On avait même vu une esclave de l’habitation Lefeuve, maîtresse du procureur, donner à la Saint-Louis un repas de 400 couverts, servi en vaisselle plate et égayé par les chants des chanteurs publics, Trois Feuilles et Grand Simone, dont les banzas (guitares) étaient garnis de doublons.
(Mollien Gaspard Théodore, Haïti ou Saint-Domingue, t. 1, p. 49)

Cette mention, très exceptionnelle, de divertissements musicaux n’est pas faite par Mollien pour elle-même mais, indirectement, pour illustrer les moyens importants donnés par les Blancs à leurs maîtresses esclaves, elle a donc de forte chance de correspondre à la réalité.

 

B. Musique religieuse coloniale

Il y avait dans les Antilles du XVIIIème des prêtres dont le service était spécifiquement dédié aux esclaves. Il est possible que le texte de la messe en cantiques ci-dessous à l’usage des esclaves ait été écrit dans ce contexte ; quelle qu’en ait été l’application réelle il traduit une volonté d’utiliser la musique européenne pour faire passer un message religieux.
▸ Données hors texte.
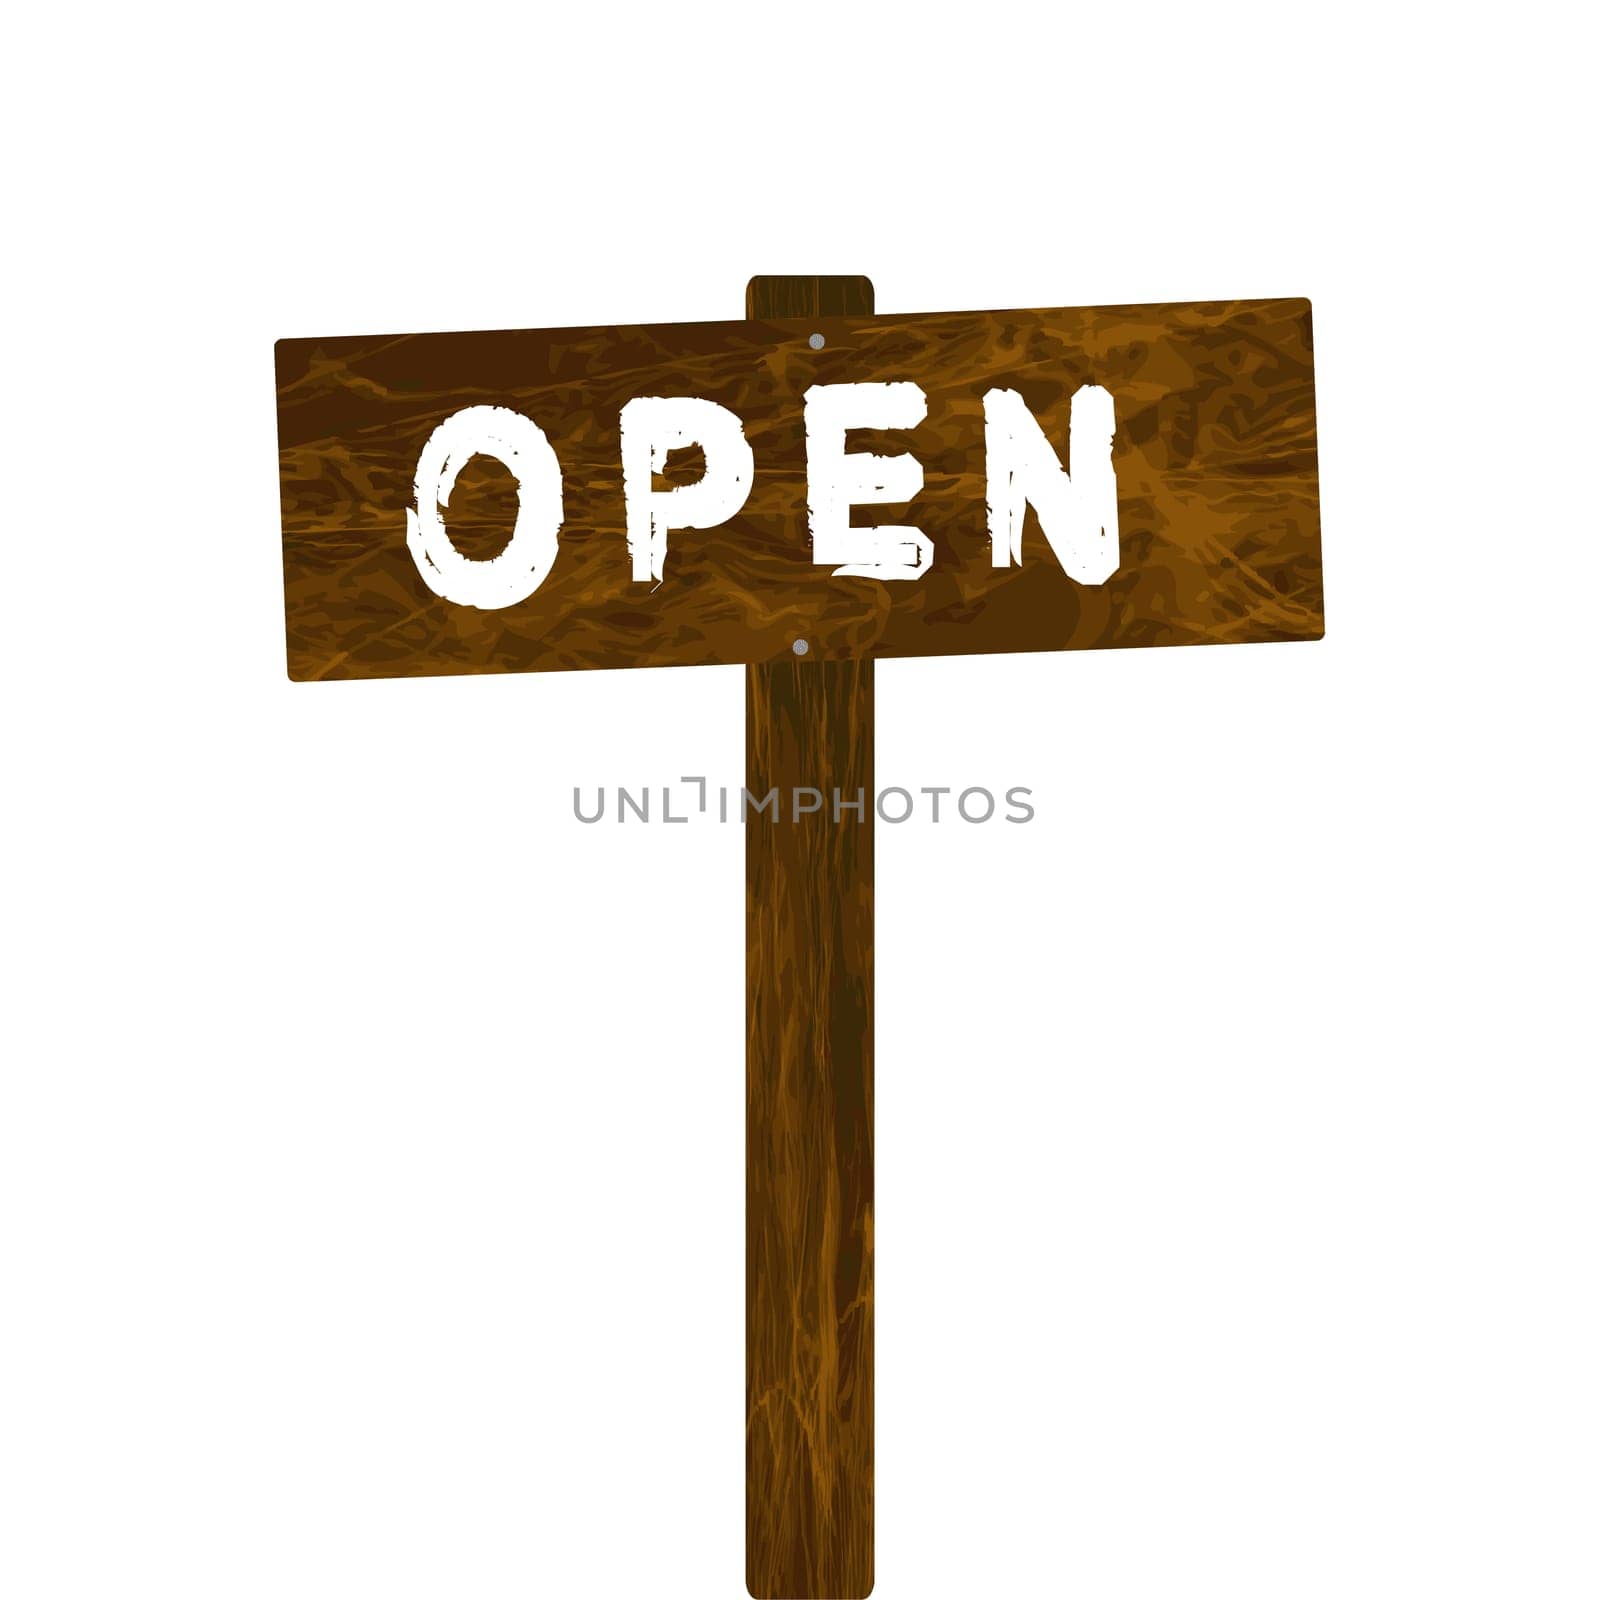 Open wooden sign isolated on white background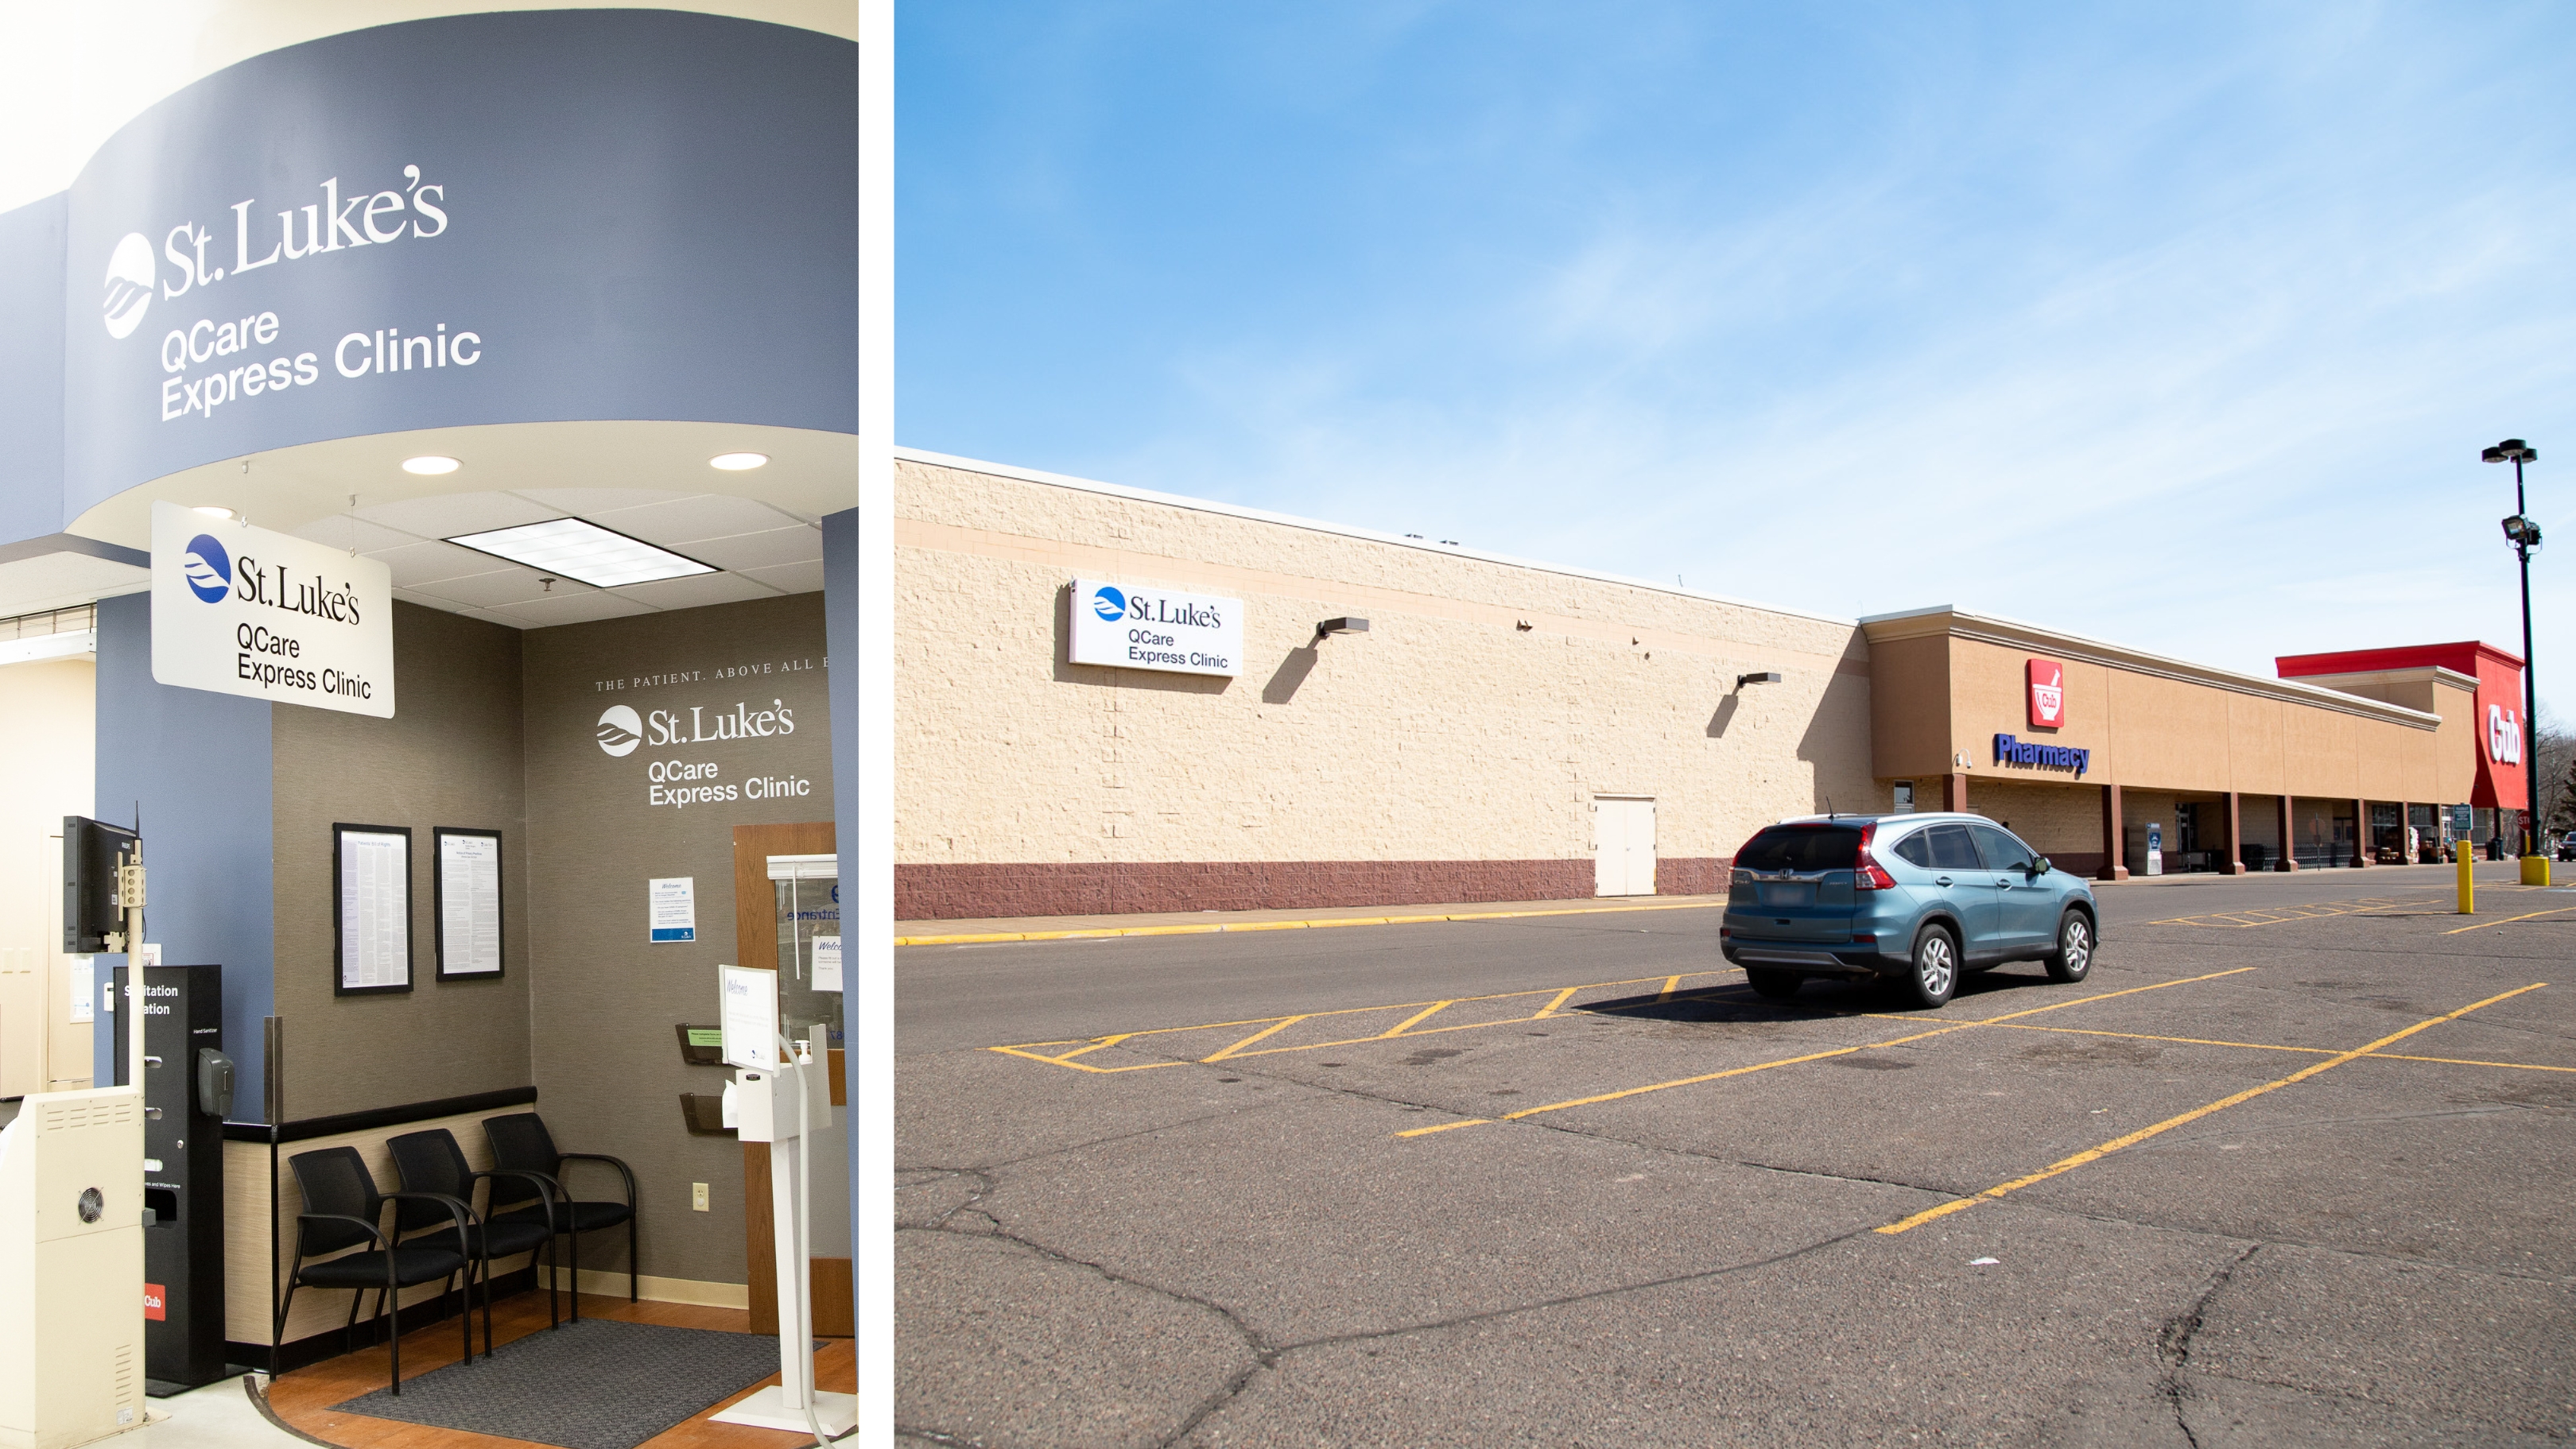 St. Luke's QCare Express Clinic - Duluth, MN 55811 - (218)249-4987 | ShowMeLocal.com

On peut légitimement penser qu’une partie du répertoire français savant ou populaire est passé dans la population esclave par ce biais.

Dans cette messe en cantiques (tous issus du répertoire profane de l’époque, identique à celui de l’opéra-comique) parue au début des années 1760 en distingue clairement l’usage d’un air très célèbre à cette époque dans la musique savante (les Folies d’Espagne) mis au service du texte sacré (le cantique avec des paroles françaises est un procédé fréquent en Europe et particulièrement en France depuis le concile de Trente visant à répondre aux protestants qui prient et chantent en langue vernaculaire).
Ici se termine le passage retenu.